The main advantage of trading using opposite Vietnam Petroleum and Hanoi Plastics positions is that it hedges away some unsystematic risk. Because of two separate transactions, even if Vietnam Petroleum position performs unexpectedly, Hanoi Plastics can make up some of the losses. Pair trading also minimizes risk from directional movements in the market. For example, if an entire industry or sector drops because of unexpected headlines, the short position in Hanoi Plastics will offset losses from the drop in Hanoi Plastics' long position.

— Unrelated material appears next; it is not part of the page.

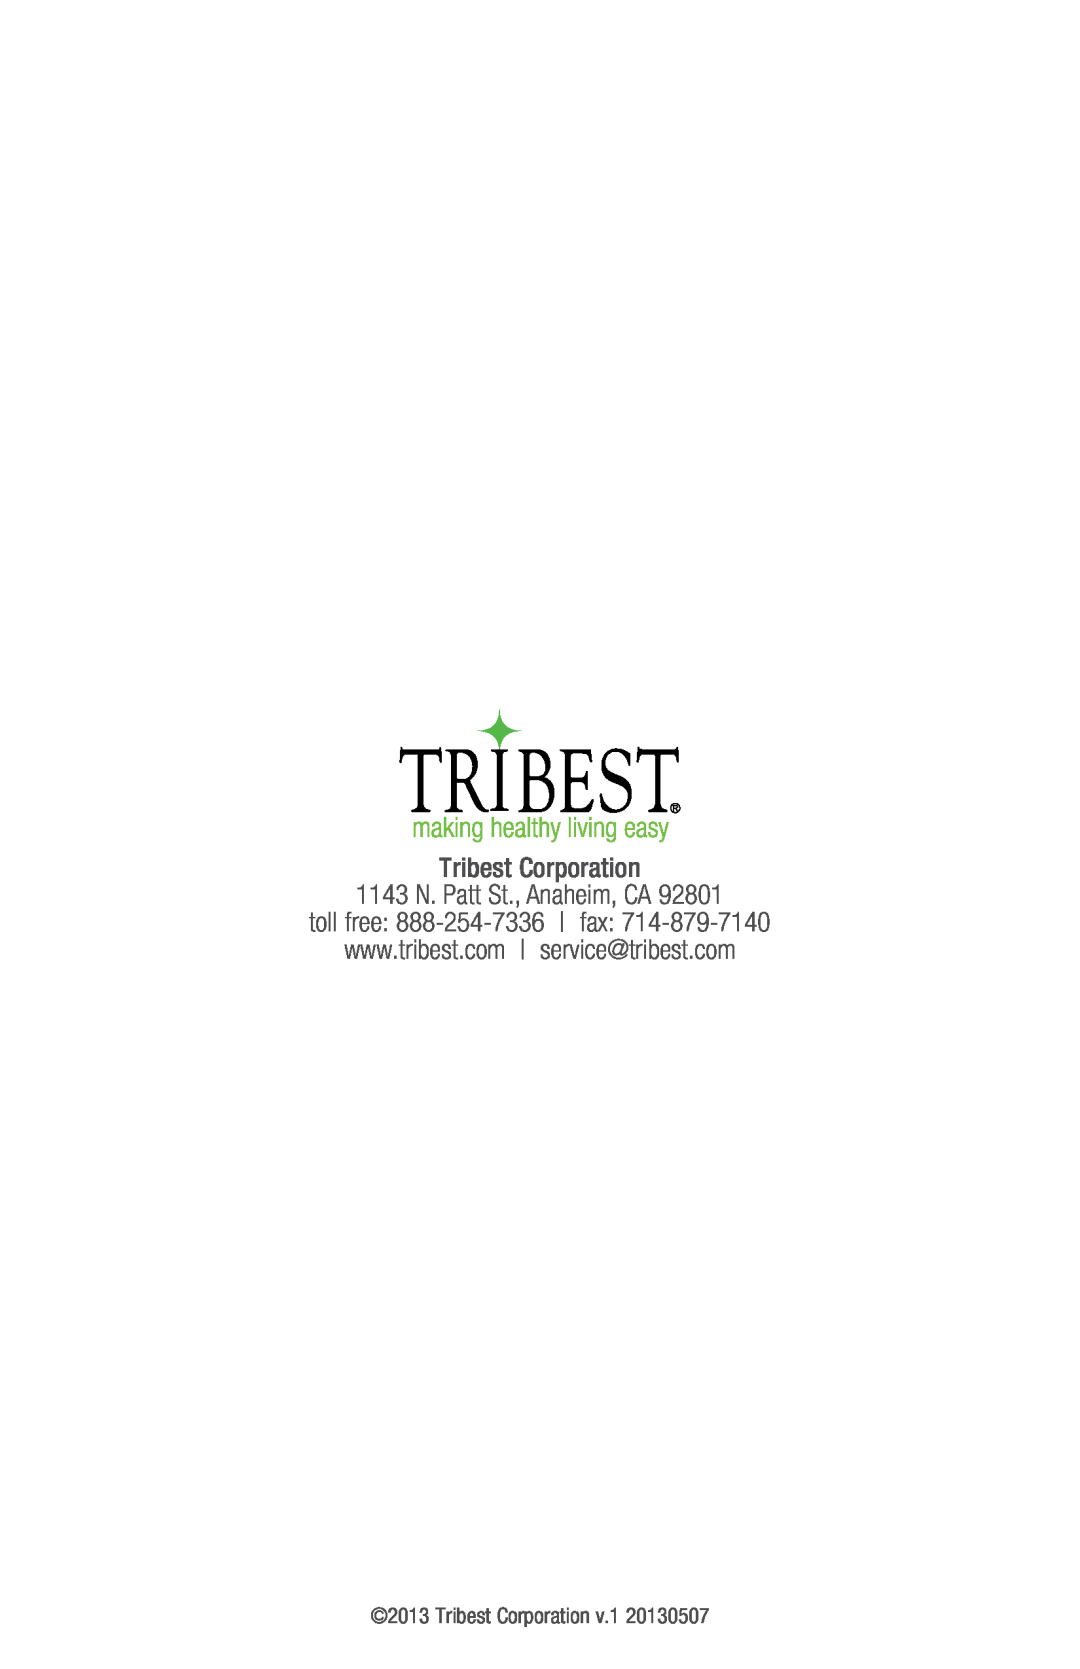 Tribest SD-P9000GP operation manual Tribest Corporation 1143 N. Patt St., Anaheim, CA, toll free 888-254-7336 fax

The idea behind Vietnam Petroleum Transport and Hanoi Plastics JSC pairs trading is to make the combined position market-neutral, meaning the overall market's direction will not affect its win or loss (or potential downside or upside). This can be achieved by designing a pairs trade with two highly correlated stocks or equities that operate in a similar space or sector, making it possible to obtain profits through simple and relatively low-risk investment.
Check out your portfolio center.
Note that this page's information should be used as a complementary analysis to find the right mix of equity instruments to add to your existing portfolios or create a brand new portfolio. You can also try the Portfolio Rebalancing module to analyze risk-adjusted returns against different time horizons to find asset-allocation targets.